Optimization Passes

LCCC inherits CCC’s full optimizer. All optimization levels (-O0 through -O3, -Os, -Oz) run the same pipeline — by design.

Why One Pipeline?

Having separate optimization tiers creates distinct code paths through the optimizer. Bugs that only appear at -O2 can hide for months if most testing uses -O0. CCC and LCCC prioritize correctness over partial speedups: by always running all passes, every test exercises the full optimizer, and divergences are caught early.

The -O flags still control the __OPTIMIZE__ and __OPTIMIZE_SIZE__ preprocessor macros, which some projects (like the Linux kernel) use for conditional compilation.

Pass Order

The optimizer runs up to three full iterations. Each iteration runs this pipeline:

1.  CFG simplification      — remove dead blocks, thread jump chains, simplify branches
2.  Copy propagation        — replace uses of copies with original values
2a. Division-by-constant    — replace idiv/div with multiply-shift (iter 0 only)
2b. Integer narrowing       — shrink operation widths (e.g. i64 add → i32 add)
3.  Algebraic simplification — strength reduction, identity removal
4.  Constant folding        — evaluate constant expressions at compile time
5.  GVN + LICM + IVSR       — shared CFG analysis (computed once per function):
    ├── GVN                 — global value numbering / CSE across dominated blocks
    ├── LICM                — loop-invariant code motion
    └── IVSR                — induction variable strength reduction
7.  If-conversion           — convert branch+phi diamonds to cmov/Select
8.  Copy propagation        — clean up copies created by GVN, simplify, LICM
9.  Dead code elimination   — remove dead instructions (excluded from convergence check)
10. CFG simplification      — clean up after DCE empties blocks
10.5 IPCP                   — interprocedural constant propagation (all iterations)
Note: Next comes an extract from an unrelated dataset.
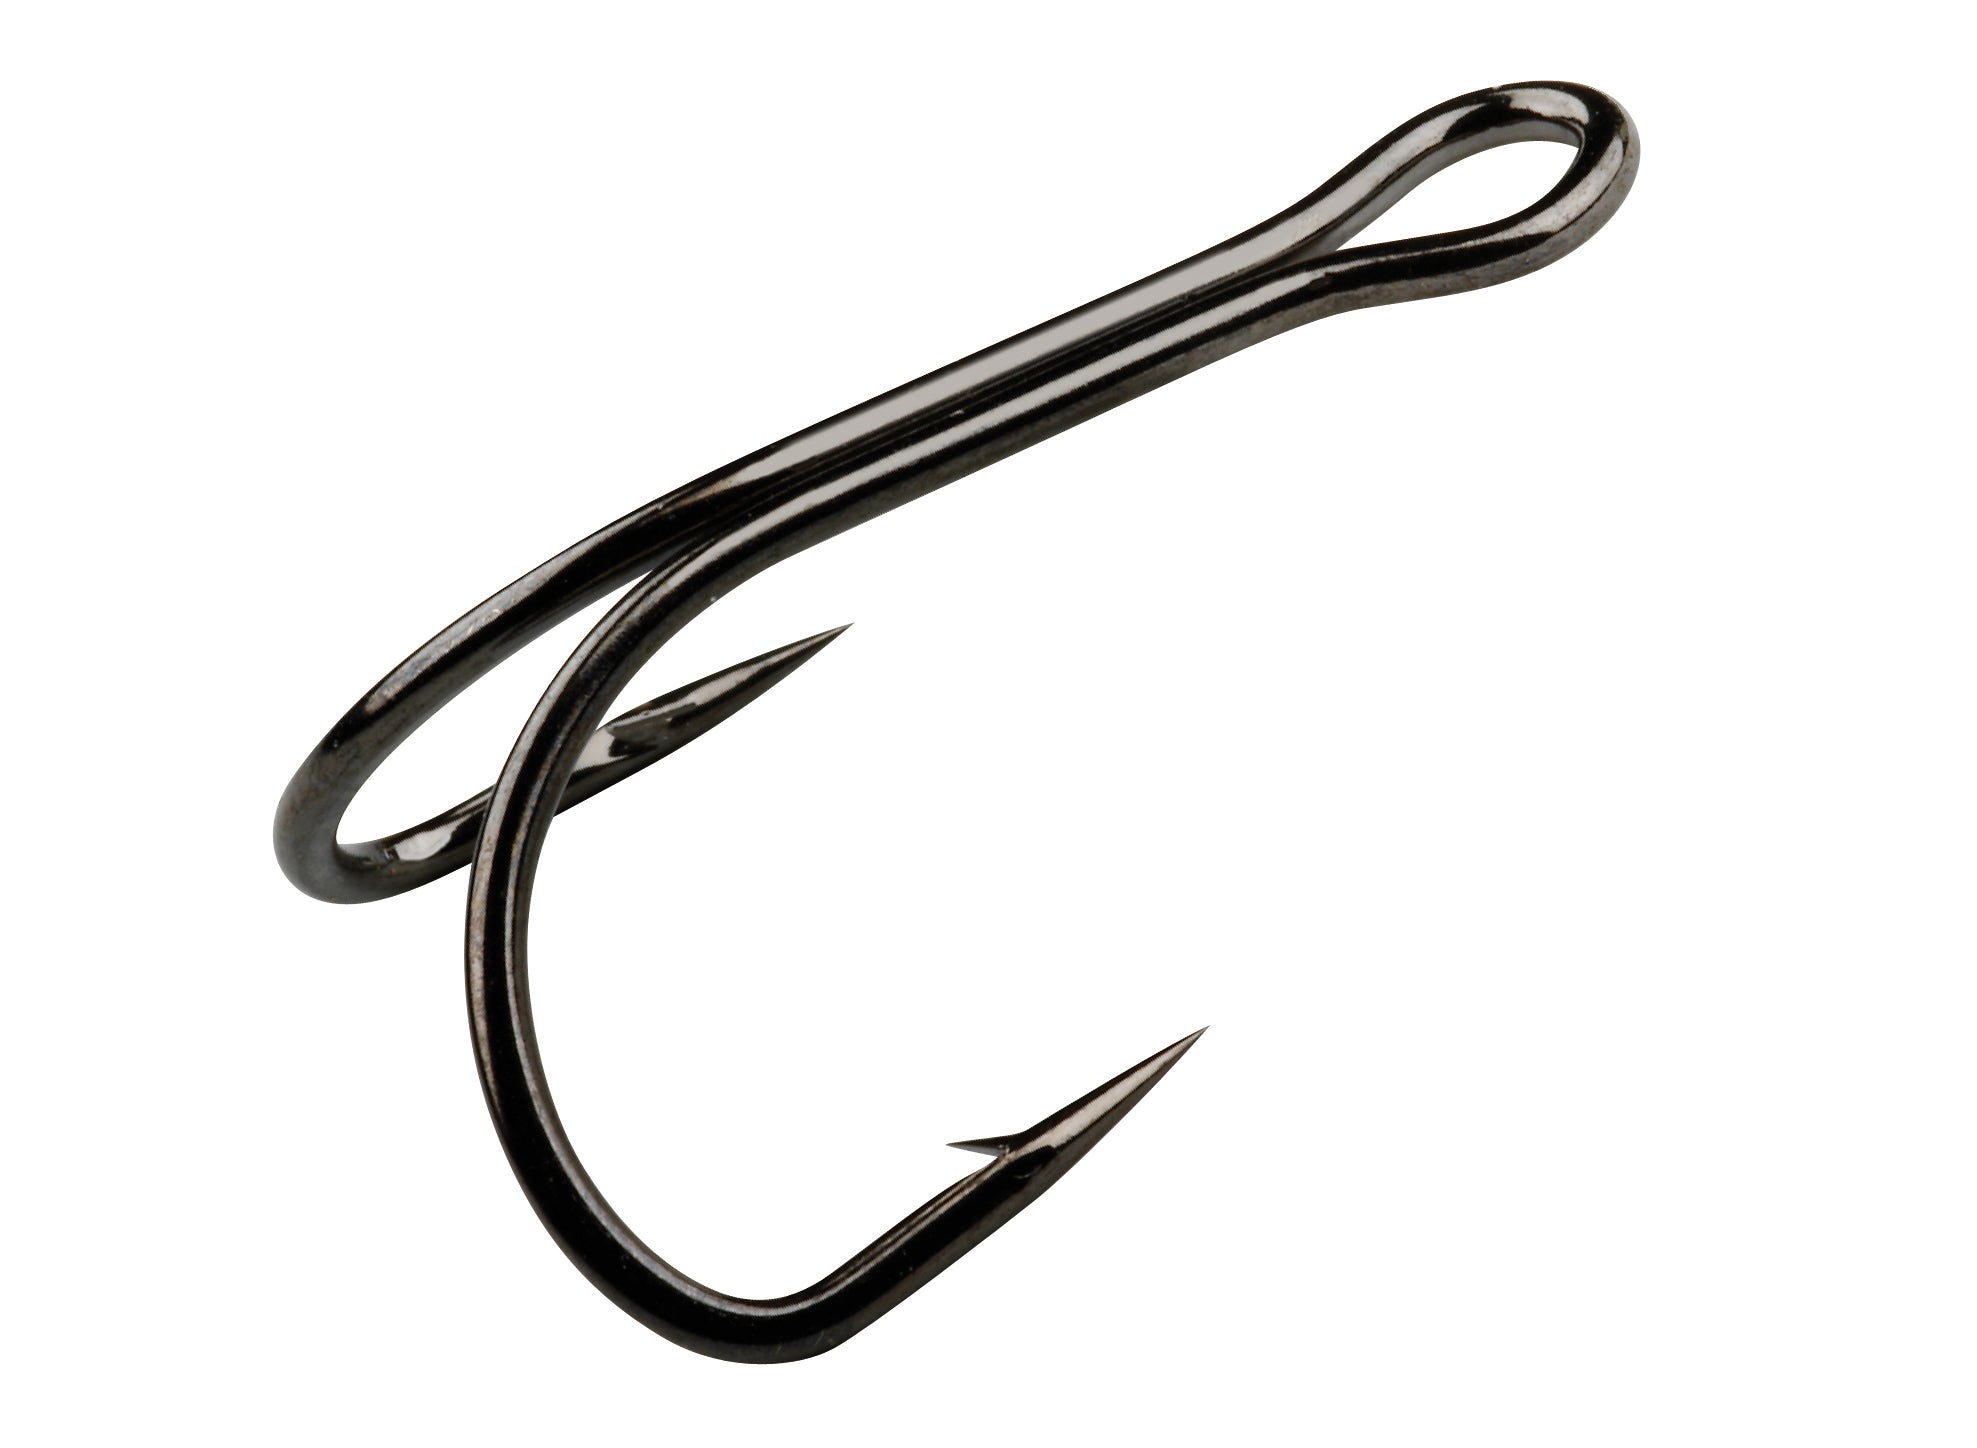 Gamakatsu Worm Offset EWG with Silicon Stopper NS Black Hooks for lures

Phase 0 (before the loop):

Tail-call elimination (TCE) — converts self-recursive tail calls to loops
Function inlining
mem2reg
Initial constant-fold/copy-prop round
Vectorization (iteration 0 only) — transforms reduction loops to AVX2/SSE2 SIMD

Phase 11 (after the loop): dead static function elimination — removes static inline functions that became unreferenced after inlining.

Convergence

Iterations stop when:

No pass made any change (fixpoint reached), or
This iteration made fewer than 1/20th the changes of the first iteration (diminishing returns).
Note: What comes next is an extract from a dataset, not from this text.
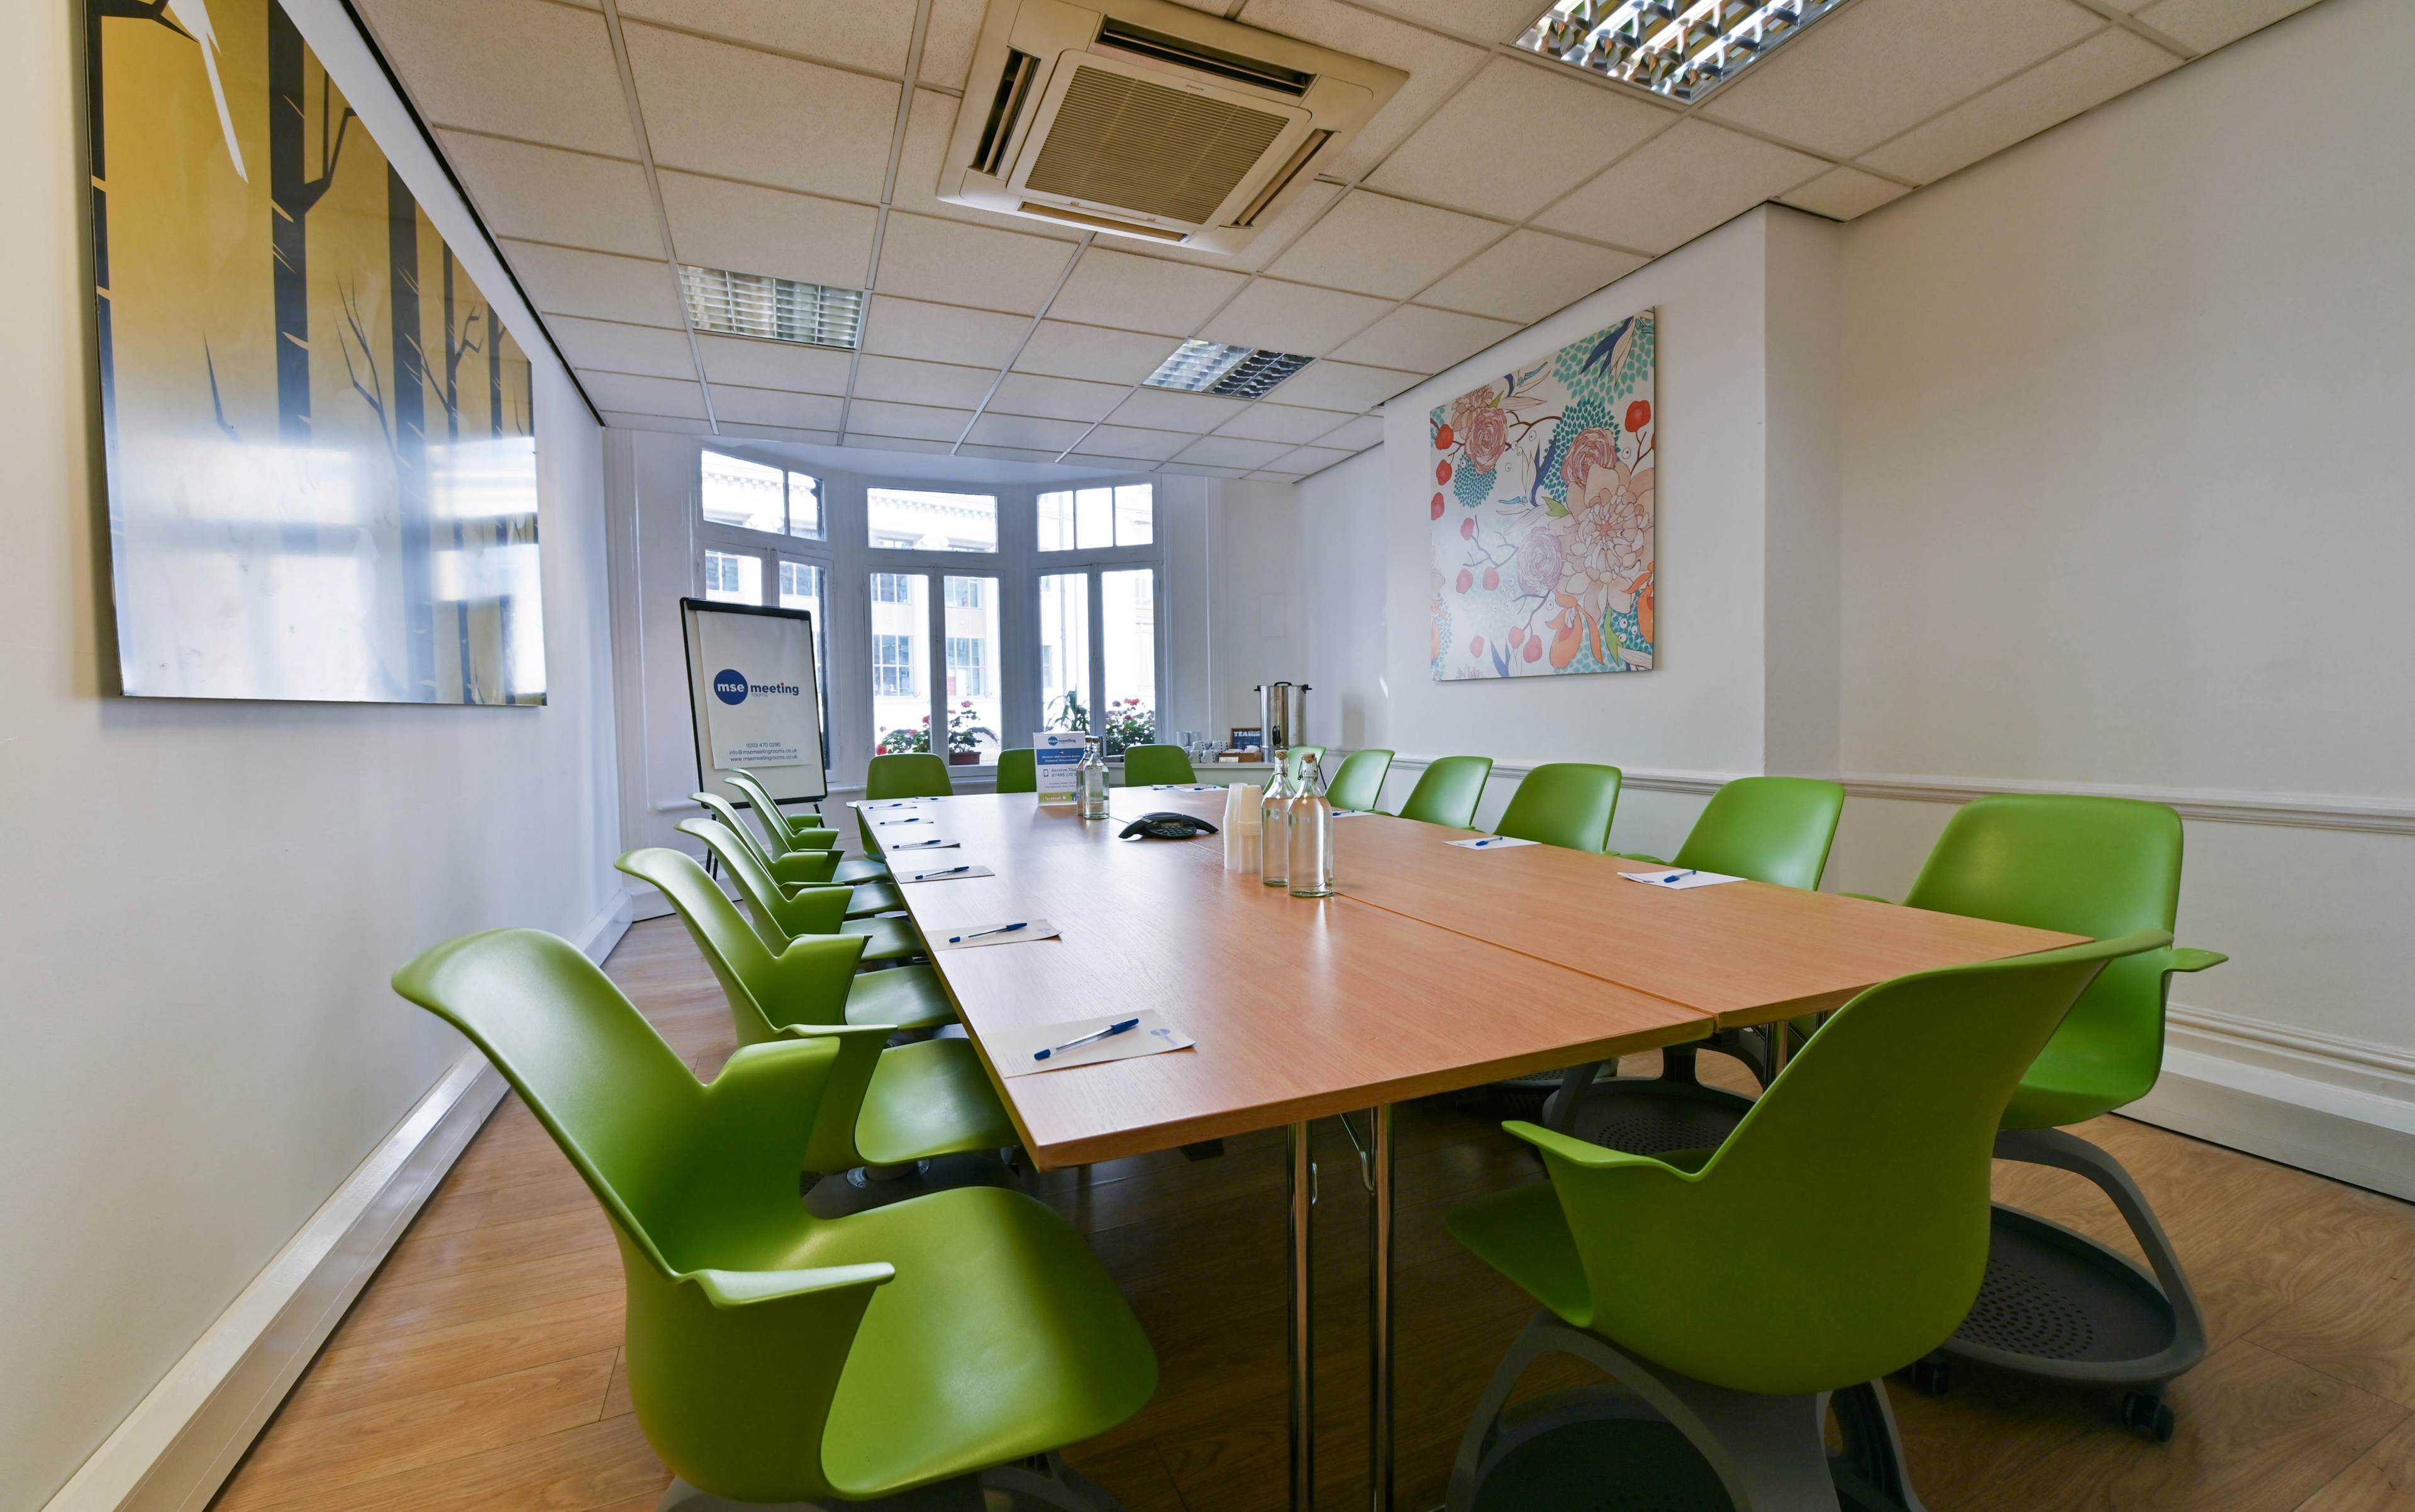 MSE Meeting Rooms - Tottenham Court Road - image 1

DCE changes are excluded from the convergence check because DCE’s large removal counts inflate the first-iteration baseline and cause premature exit.

Pass Interactions

The passes form a dependency graph. LCCC uses a should_run! macro to skip passes when their upstream passes made no changes in the previous iteration:

Pass	Only re-runs if…
CFG simplify	constfold changed (constant branches) or DCE changed (empty blocks)
Copy prop	CFG, GVN, LICM, or if-convert changed
Simplify	Copy prop or narrowing changed
Constfold	Copy prop, narrowing, simplify, or if-convert changed
GVN	CFG, copy prop, or simplify changed
LICM	CFG, copy prop, or GVN changed
DCE	GVN, LICM, if-convert, or copy prop2 changed

Key Passes

GVN (Global Value Numbering)

Eliminates redundant computations across basic blocks. If two blocks both compute a + b where a and b have the same value, GVN replaces the second with a copy of the first. Operates on BinOp, UnaryOp, Cmp, Cast, GetElementPtr, and Load instructions within the dominator tree.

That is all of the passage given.